The researchers worked with adult males of the 56th-58th generations of grey rats. Tame and aggressive animals were treated (injection in peritoneum) with a male sheep's erythrocytes, which contain proteins-antigens. Cells of the rat spleen produced antibodies. It was revealed that the number of cells producing antibodies is 20 times greater in aggressive animals than in tame ones. Moreover, each cell of a tame rat produces fewer antibodies. As a result, the immune response of tame rats is very weak. Following the first attack of a foreign protein-antigen, the body acquires immunological memory, which provides for a more intensive formation of antibodies in case of another attack of the same antigen. This phenomenon is called the secondary immune response. The number of cells having the immunological memory in tame rats is lowered too. Hence, their secondary immune response is several times weaker than that in aggressive animals.

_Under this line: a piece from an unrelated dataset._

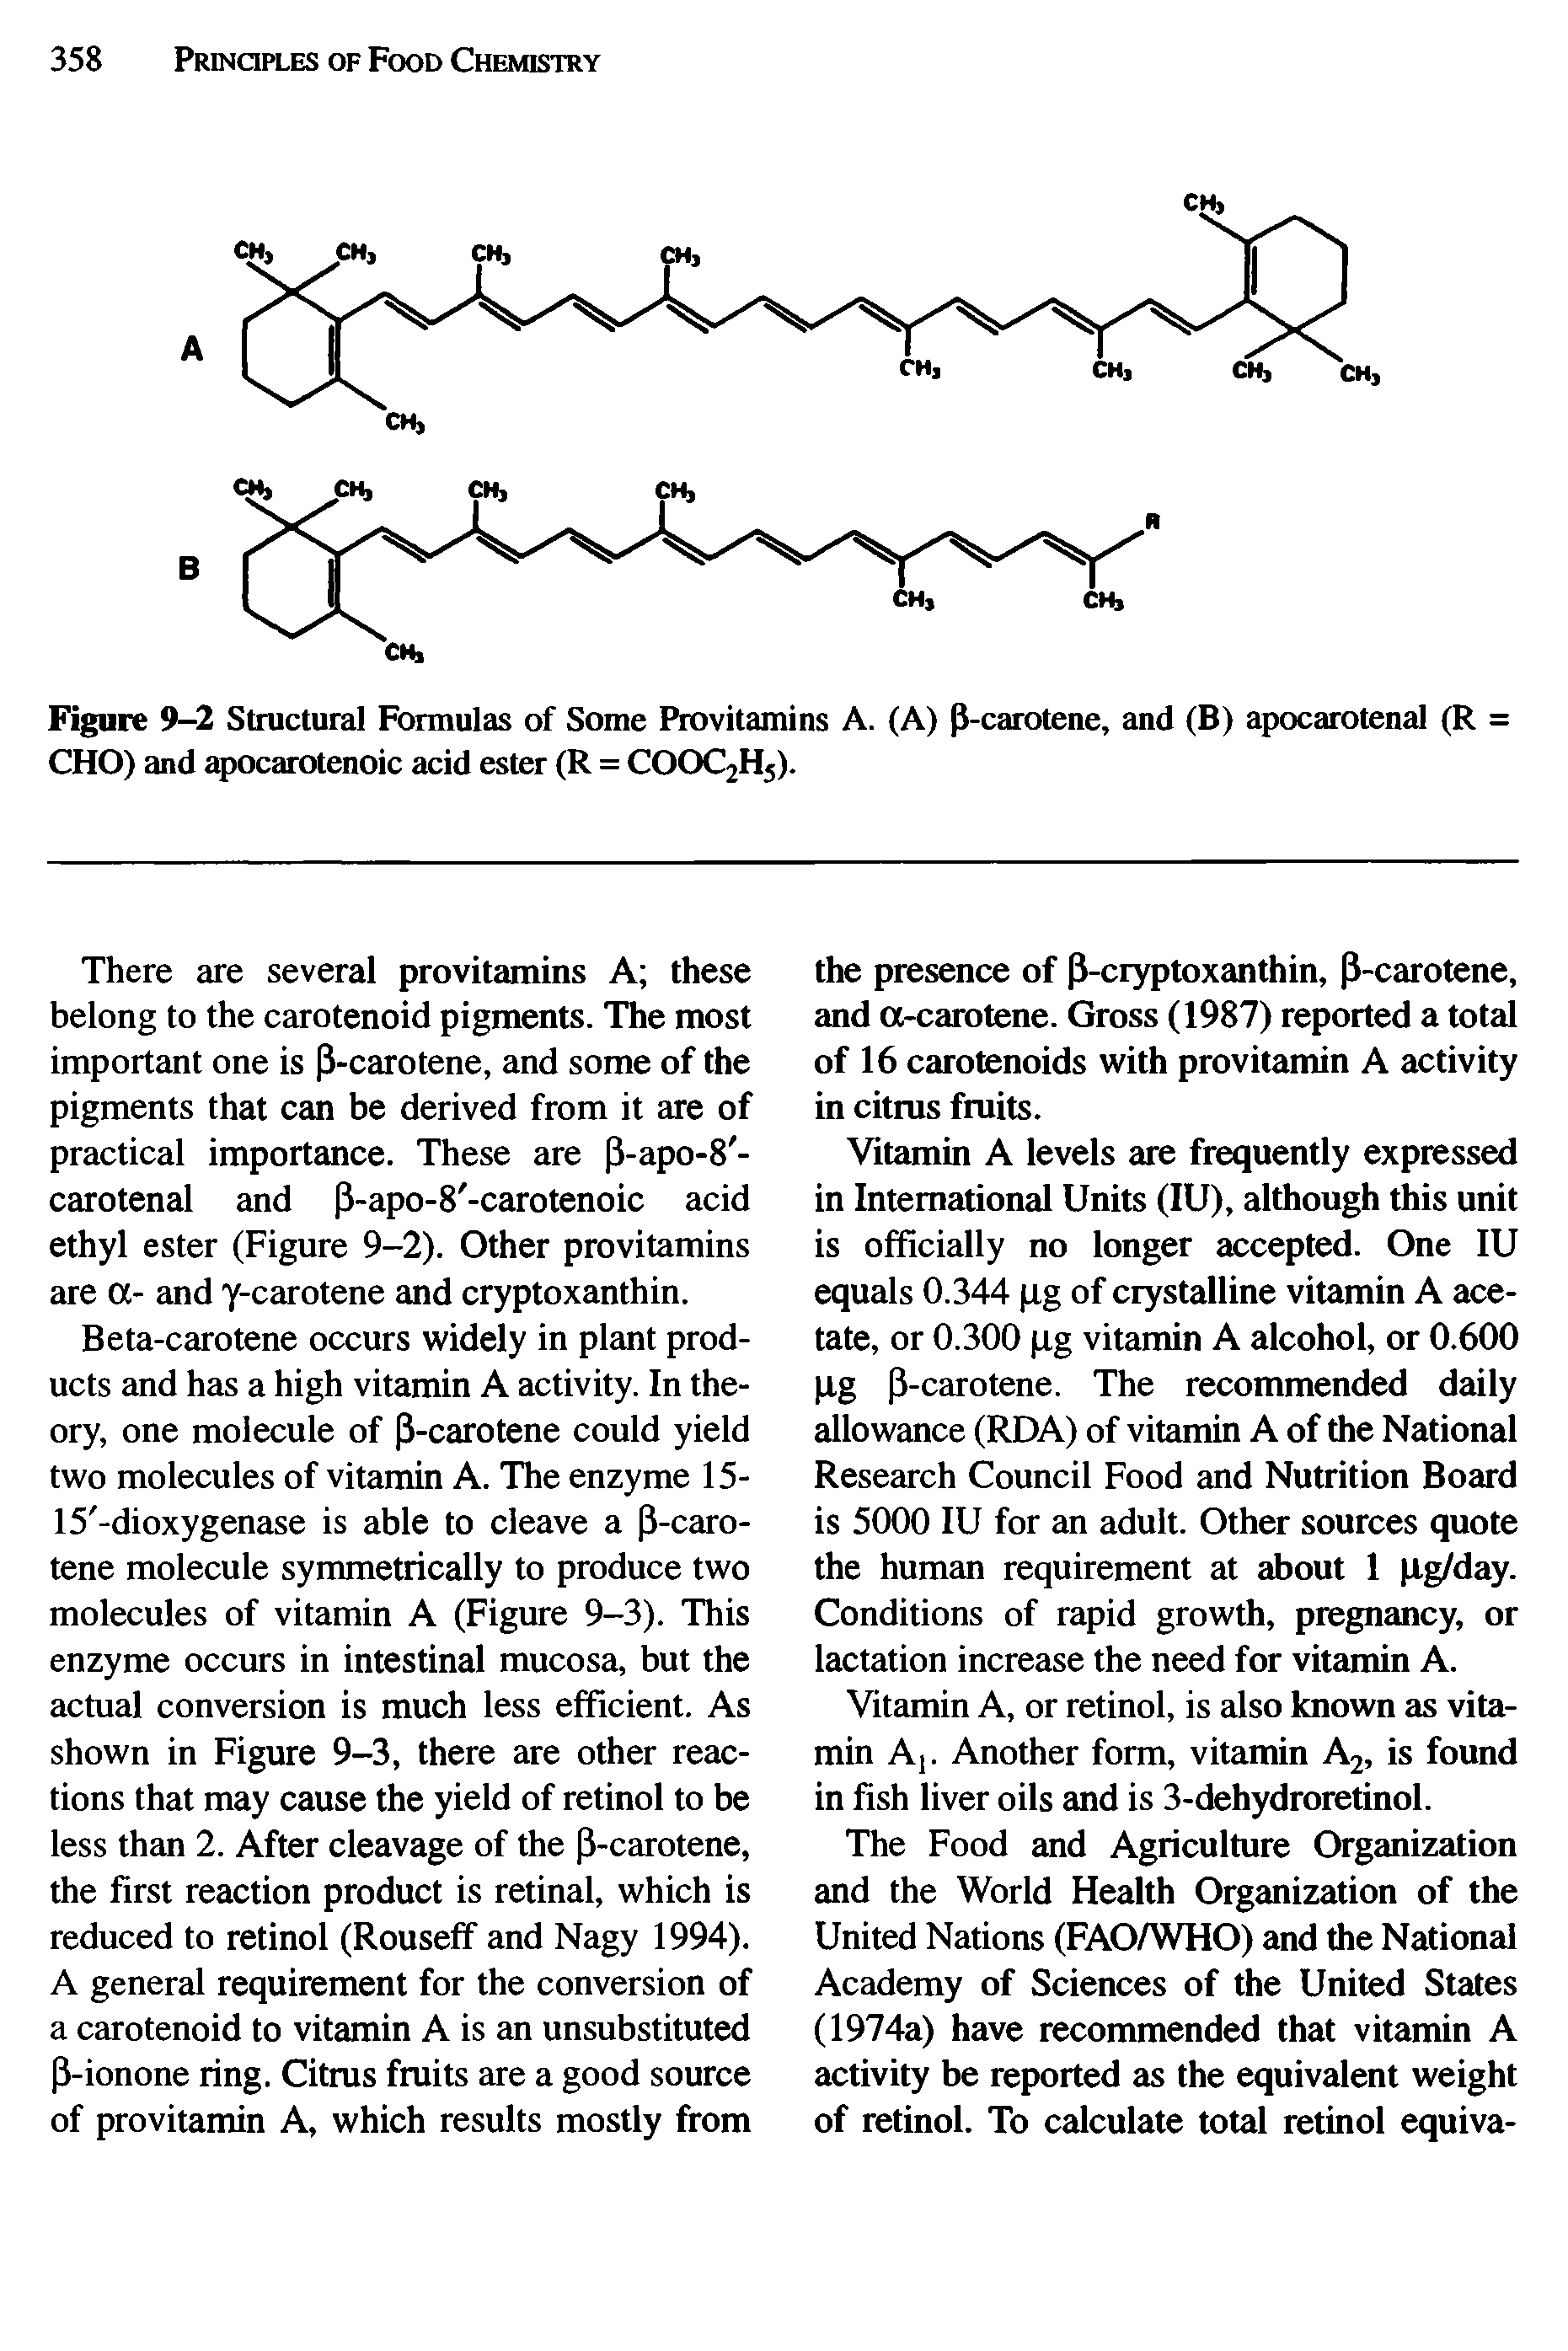 Figure 9-2 Structural Formulas of Some Provitamins A. (A) P-carotene, and (B) apocarotenal (R = CHO) and apocarotenoic acid ester (R = COOC2H5).

Thus, several decades of domestications have caused changes not only in behaviour, but also in the immune status. The researches have concluded that domestication of wild rats through selecting non-aggressive individuals causes degradation of functional activity of the whole immune system, which primarily depends on functions of hyphophysis and adrenal glands. Several thousand years ago, wild predecessors of practically all domestic animals came through a similar selection. Apparently, their immune system is weakened too, and they are more susceptible to infections in comparison with wild forebears. Life conditions in captivity (dense flock, unnatural habitat, artificial food, continuous stress, etc.) only favour epidemic outbreaks of diseases that are usually lethal for poor weakened animals.